The following are the circumstances which chiefly modify the nature, severity, and duration of disease:

1. Sex. Both sexes are equally liable to many diseases. Females, however, on account of the greater excitability of their nervous system, and owing to their possessing an organ -the uterus-whose lesions affect the whole system, are especially predisposed to nervous complaints; and such causes as give rise to inflammation in males, will in them often produce merely functional disorder. Thus gout and rheumatism often lurk unsuspected in the female system,

causing dyspepsia, palpitation, uterine and neuralgic affections, without manifesting themselves more openly. It has been said that during the prevalence of epidemics women suffer less than men; which is probably to be accounted for. by their more regular habits, and their being less exposed to the exciting causes of these diseases. The uterus is the active centre of sympathies, from puberty to the period of the change of life. The regular flow of the catamenia becomes essential to health, and the interruption or cessation of the discharge, except under certain circumstances, often proves the cause of great constitutional disturbance. About the age of puberty women are apt to suffer from anæmia, chorea, and hysteria. The condition of pregnancy is favorable to health; while at the cessation of menstruation chronic inflammations and lesions of the uterus, diseases of the breast, disorders of the colon and rectum, and cancerous affections, are likely to occur.

2. Age. Each of the various epochs of life is liable to certain peculiar diseases. During the earliest period-from birth to first dentition-not only is the body very frail, but there is great irritability and sensitiveness, a predisposition to spasms and convulsions, to hydrocephalus, inflammation of the brain or its membranes, and to rickets, &c. Mankind spring not up full-formed, and ready armed for battling with adversity, like the fabled army from the teeth of dragons sown by Cadmus; but rather as the seed which is scattered from the hand of God over all the earth.' As then the young plant requires care and attention proportioned to its frailness, so the tender infant demands the most constant watchfulness and judicious management.

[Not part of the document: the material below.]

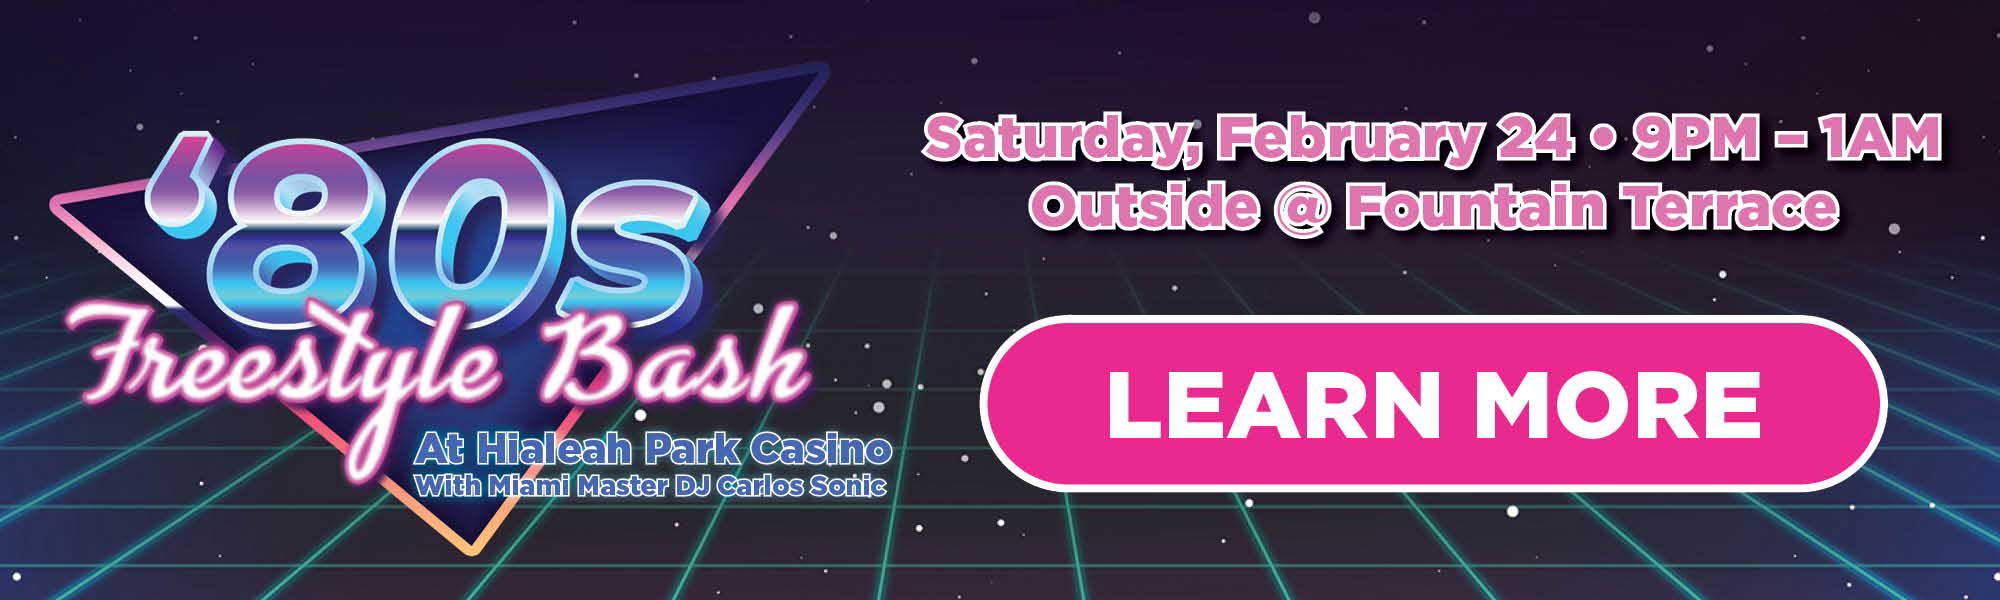 80s Freestyle Bash at Hialeah Park Casino with Miami Master DJ Carlos Sonic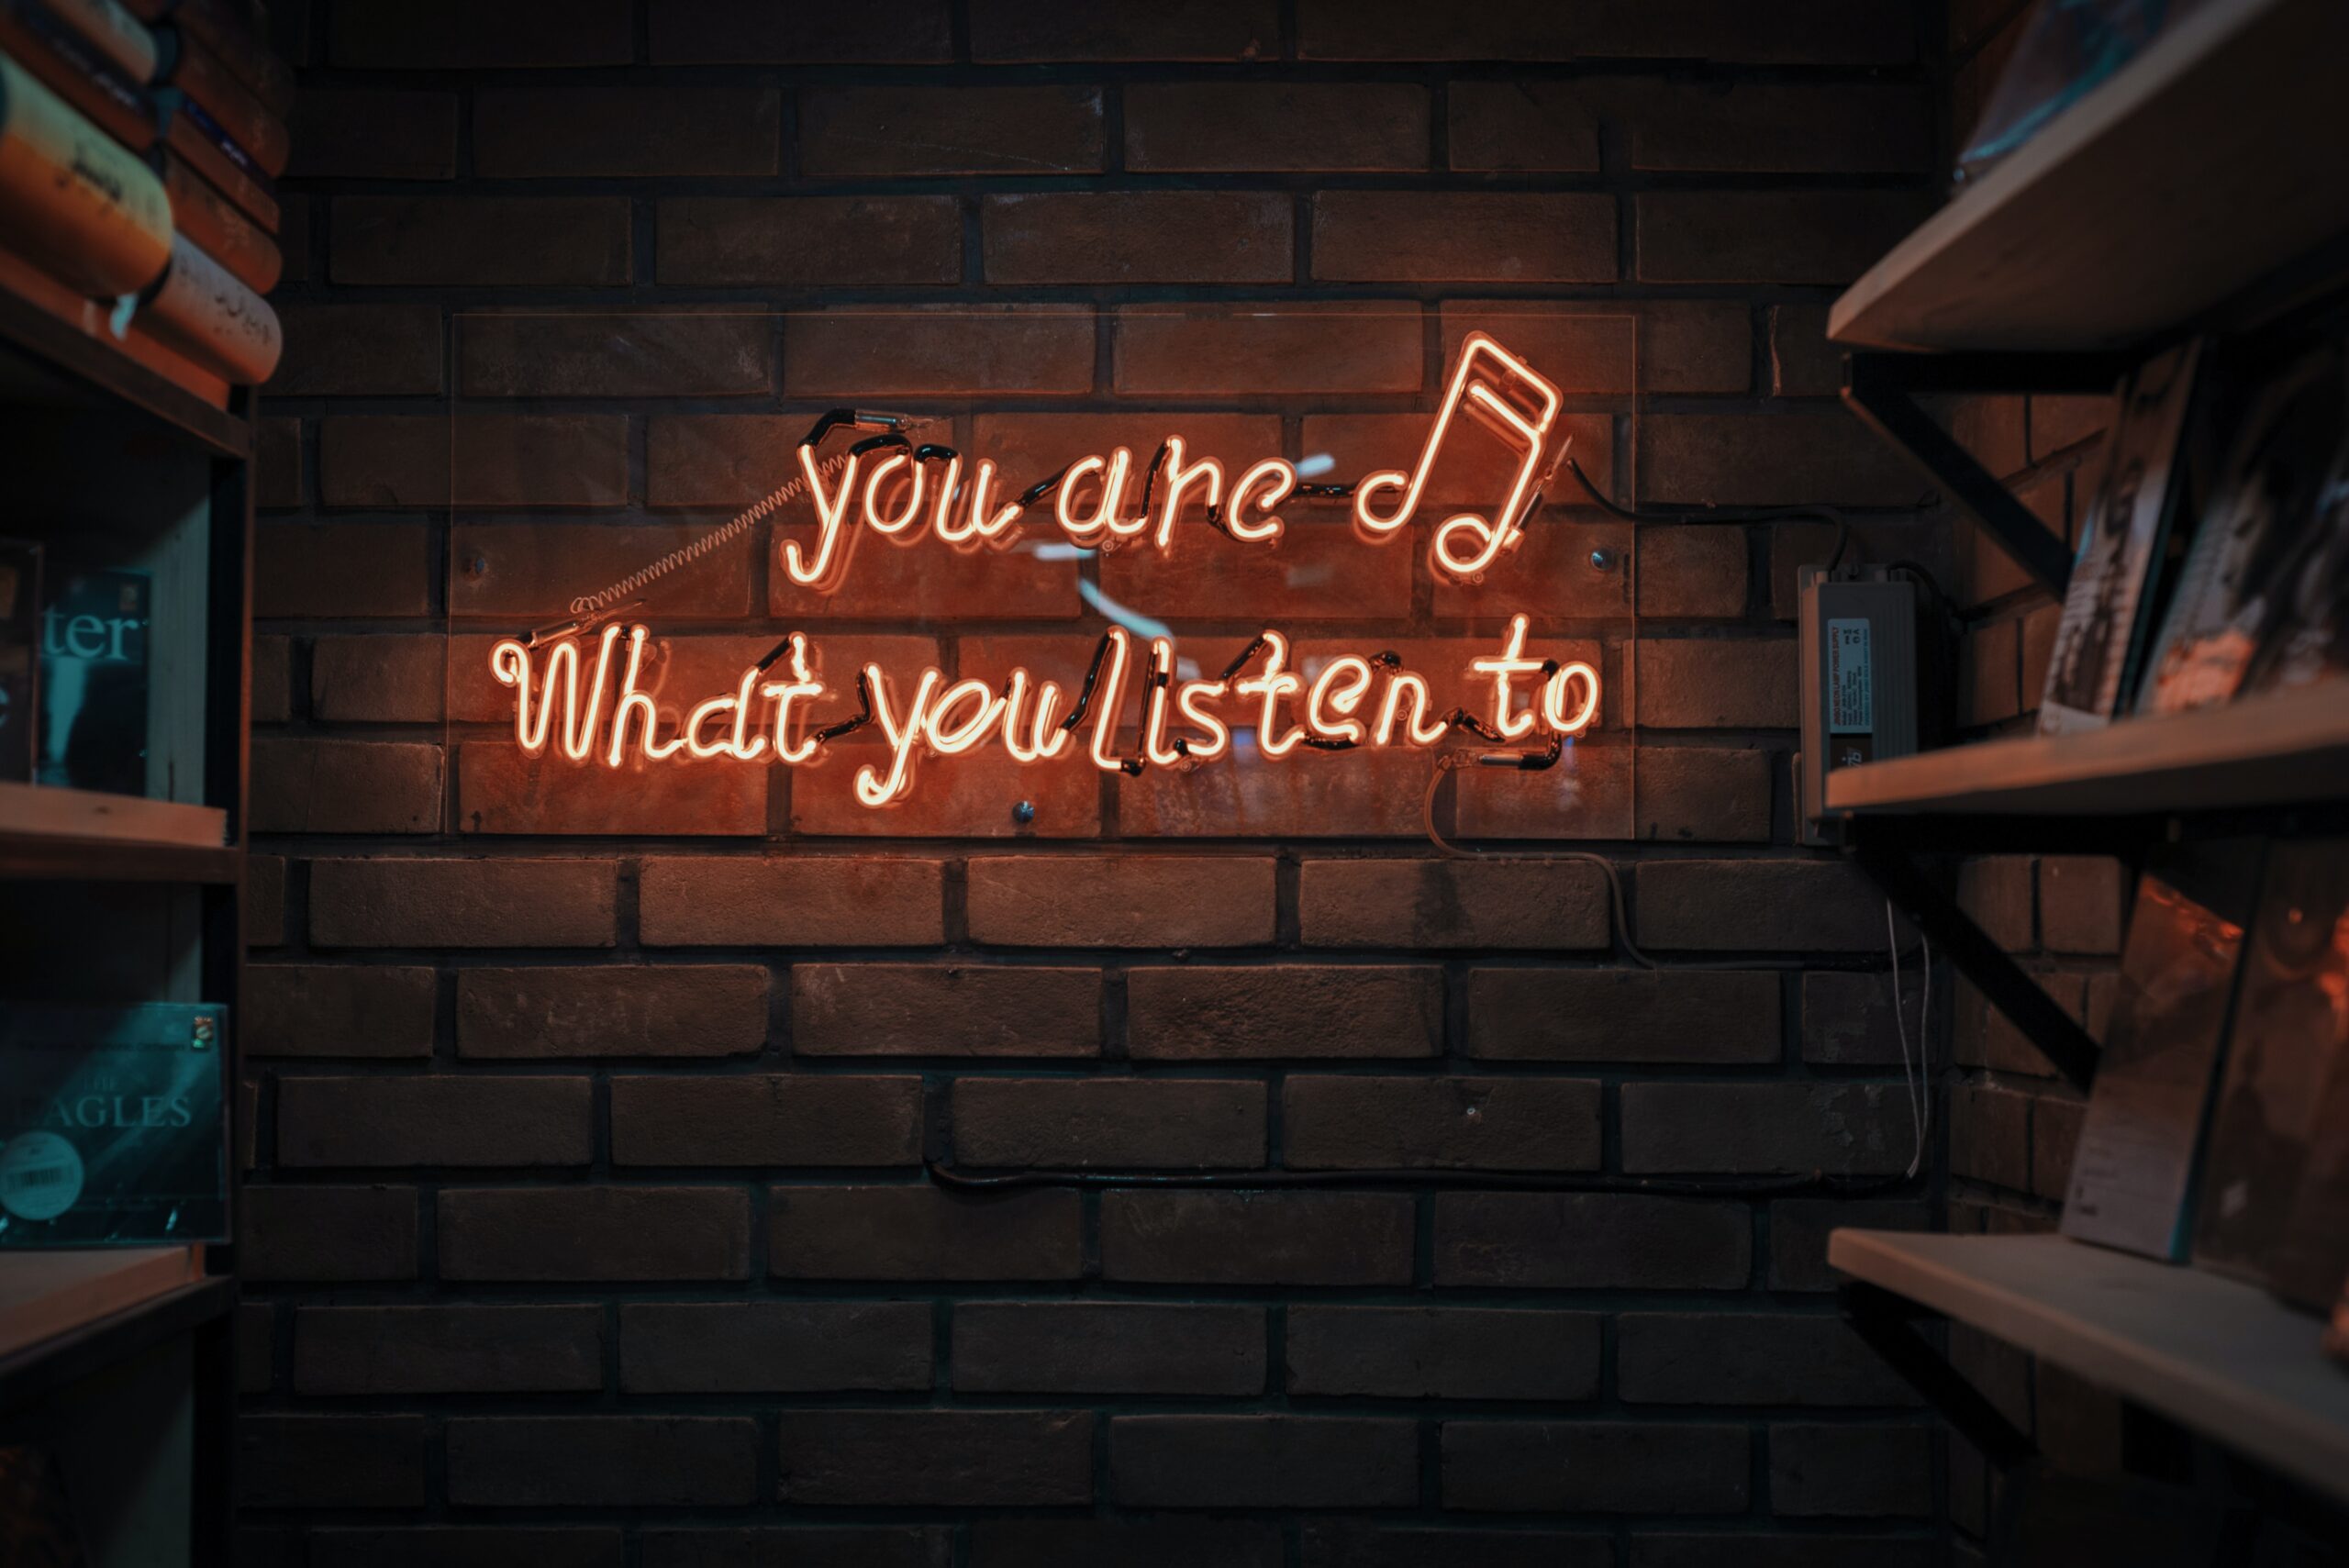 neon sign with music inspirational quote for the manzanilla sophia blog

The process of dentition alone keeps up a constant irritation which impairs the functions of the brain, alimentary canal, and skin; and many children die during teething. So slender indeed is the thread of life, and so serious are the various infantile diseases, that one child in every five dies within a year after birth, and one in three before the end of the fifth year.

After the first dentition to the sixth or seventh year, the powers of life become more energetic; there is great excitement of the vascular and nervous system, easy exhaustion but also easy restoration. The predisposition is to inflammatory affections, to attacks of fever, and to the exanthematous disorders. In the inflammatory diseases of children there is a strong tendency to the formation of coagulable lymph,

1 On the Use of the Body in relation to the Mind. By G. Moore, M.D.